[AVAILABLE DATA — start]

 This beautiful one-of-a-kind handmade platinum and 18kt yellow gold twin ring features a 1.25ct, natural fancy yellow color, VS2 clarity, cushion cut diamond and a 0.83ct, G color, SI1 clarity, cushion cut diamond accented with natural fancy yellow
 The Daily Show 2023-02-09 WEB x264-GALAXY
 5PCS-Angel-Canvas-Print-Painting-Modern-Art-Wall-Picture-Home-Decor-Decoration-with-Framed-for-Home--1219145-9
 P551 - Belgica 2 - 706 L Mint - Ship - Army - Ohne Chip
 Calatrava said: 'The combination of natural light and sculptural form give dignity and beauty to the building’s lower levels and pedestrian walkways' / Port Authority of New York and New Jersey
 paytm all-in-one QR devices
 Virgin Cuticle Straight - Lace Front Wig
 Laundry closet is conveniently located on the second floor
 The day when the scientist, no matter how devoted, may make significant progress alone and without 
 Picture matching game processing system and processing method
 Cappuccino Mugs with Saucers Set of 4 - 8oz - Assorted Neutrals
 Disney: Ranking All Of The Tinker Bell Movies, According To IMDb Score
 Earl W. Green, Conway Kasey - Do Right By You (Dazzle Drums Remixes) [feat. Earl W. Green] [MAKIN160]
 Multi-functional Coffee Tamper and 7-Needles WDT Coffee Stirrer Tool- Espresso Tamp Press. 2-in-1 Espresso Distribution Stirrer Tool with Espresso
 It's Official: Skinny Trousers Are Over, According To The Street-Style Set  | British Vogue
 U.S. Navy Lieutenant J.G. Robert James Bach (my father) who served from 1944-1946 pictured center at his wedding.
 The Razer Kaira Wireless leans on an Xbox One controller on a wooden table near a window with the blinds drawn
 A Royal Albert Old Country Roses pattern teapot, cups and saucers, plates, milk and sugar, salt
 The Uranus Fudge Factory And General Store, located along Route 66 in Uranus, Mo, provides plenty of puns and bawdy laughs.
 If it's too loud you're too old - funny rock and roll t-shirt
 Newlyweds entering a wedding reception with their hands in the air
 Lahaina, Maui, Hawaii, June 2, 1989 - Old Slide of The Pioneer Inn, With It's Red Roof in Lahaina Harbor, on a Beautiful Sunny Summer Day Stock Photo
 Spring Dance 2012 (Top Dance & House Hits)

[AVAILABLE DATA — finish]

Look above for the line that contains "paytm all-in-one QR devices". Starting there, transcribe every line exactly until you have copied the line that contains "Disney: Ranking All".

● **WRITTEN ANSWER**:
 paytm all-in-one QR devices
 Virgin Cuticle Straight - Lace Front Wig
 Laundry closet is conveniently located on the second floor
 The day when the scientist, no matter how devoted, may make significant progress alone and without 
 Picture matching game processing system and processing method
 Cappuccino Mugs with Saucers Set of 4 - 8oz - Assorted Neutrals
 Disney: Ranking All Of The Tinker Bell Movies, According To IMDb Score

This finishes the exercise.